RAJ MEHAN, INVESTOR RELATIONS, STEELCASE, INC.: Thank you. Good morning, everyone. Thank you for joining us for the recap of our fourth-quarter and fiscal year 2008 financial results. Here with me today are Jim Hackett, our President and Chief Executive Officer; Dave Sylvester, our Chief Financial Officer; Mark Mossing, Vice President and Corporate Controller; Terry Lenhardt, Vice President, North American Finance; and Mark Baker, Senior Vice President and Global Operations Officer.
Our fourth-quarter earnings release dated March 27, 2008 crossed the wires yesterday afternoon and is accessible on our Web site. This conference call is being Webcast and is a copyrighted production of Steelcase, Inc. Presentation slides that accompany this Webcast are also available on Steelcase.com, and a replay of this call will also be posted to the site later today. In addition to our prepared remarks, we will respond to questions from investors and analysts.
Our discussion today will include references to non-GAAP financial measures. These measures are presented because management uses this information to monitor and evaluate financial results and trends. Therefore, management believes this information is also useful for investors. Reconciliations to the most comparable GAAP measures are included in the earnings release and Webcast slides.
At this time we are incorporating by reference into this conference call and subsequent transcript the text of our Safe Harbor statement included in this morning's release. Certain statements made within the release and during this conference call constitute forward-looking statements. There are risks associated with the use of this information for investment decision-making purposes. For more details on these risks, please refer to yesterday's earnings release and Form 8-K, the Company's 10-K for the year ended February 23, 2007, and our other filings with the Securities and Exchange Commission.

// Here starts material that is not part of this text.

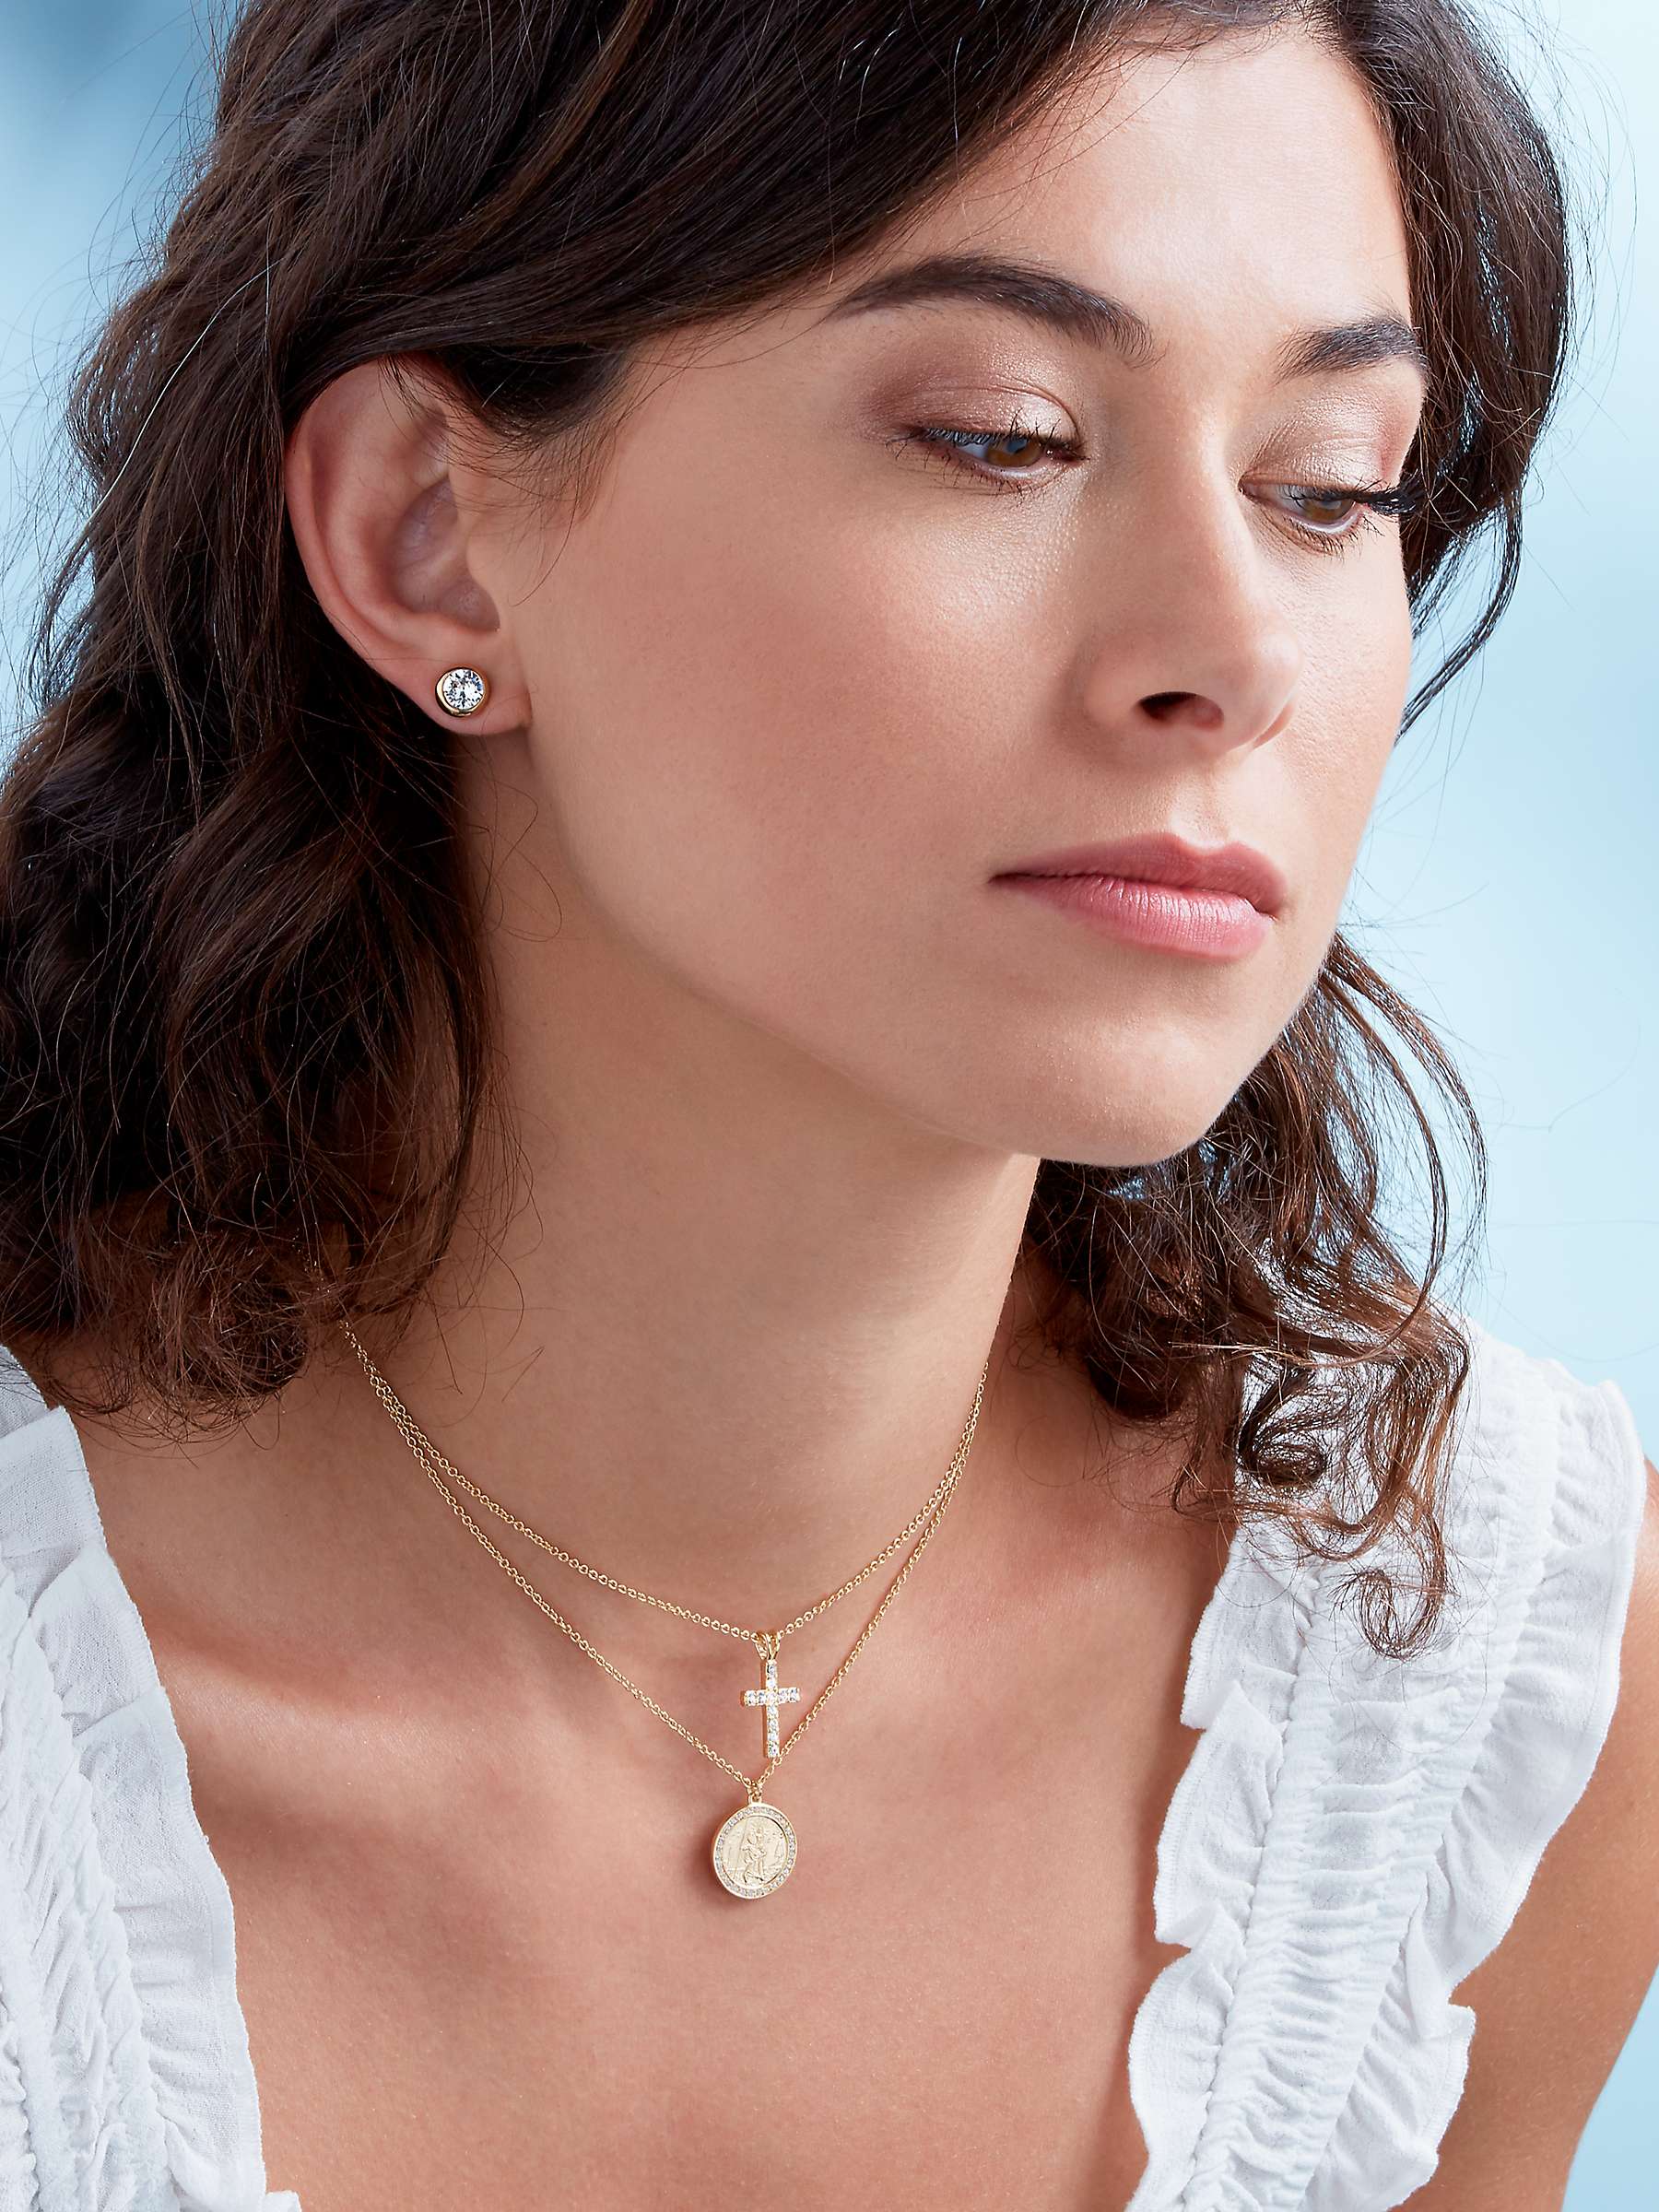 Buy Melissa Odabash Crystal Cross Pendant Necklace Online at johnlewis.com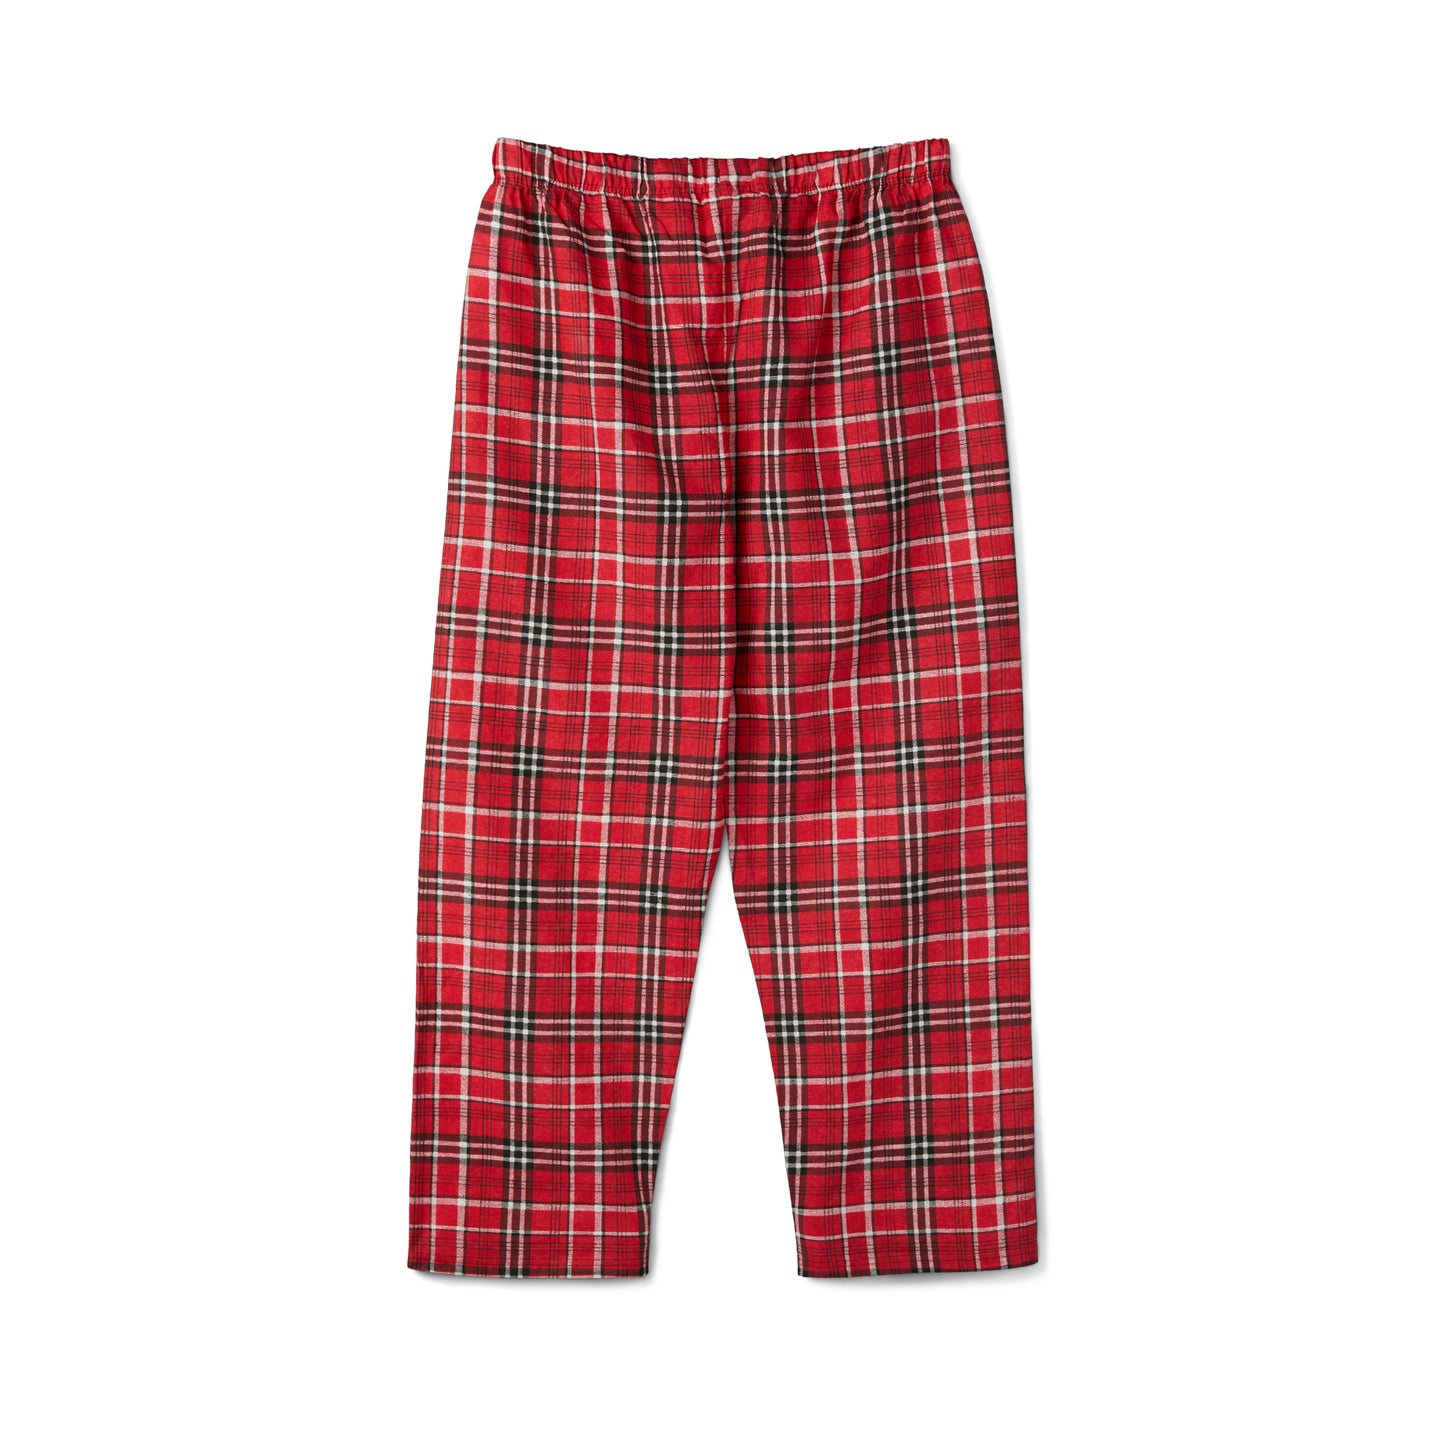 Christmas Men's Short Sleeve Pajama Set

Before I pass the call along to Jim Hackett, our President and CEO, I did want to mention a couple of minor segment changes we will be making to the business segments in which we report our financial information. Vecta, a brand currently being aggregated within the North America segment, will now be consolidated within the other category as part of the Premium Group. Brayton, a brand within the Premium Group, has a small portfolio of healthcare products. These products will now be consolidated within the Nurture brand, which is part of the North America segment. While these segment reporting changes are being announced today, our call today will still reference the old segment reporting structure. The new segment reporting structure will be used for the presentation of financial results in our 2008 10-K filing. However, in an effort to help the investment community and others get a historical perspective of our performance under these revised segments, we will be making available five years of historical selected financial information using the revised segments, as well as the two most recent years of quarterly financial information. This information will be made available when we file our 10-K in late April, and will be accessible via our Web site.
With those formalities out of the way, I will turn the call over to our President and CEO, Jim Hackett.
JIM HACKETT, PRESIDENT AND CEO, STEELCASE, INC.: Thanks, Raj, and good morning to all. At this Q4 call, we will discuss a number of important topics, and I'd like to begin to put some perspective initially on the fiscal year we're completing.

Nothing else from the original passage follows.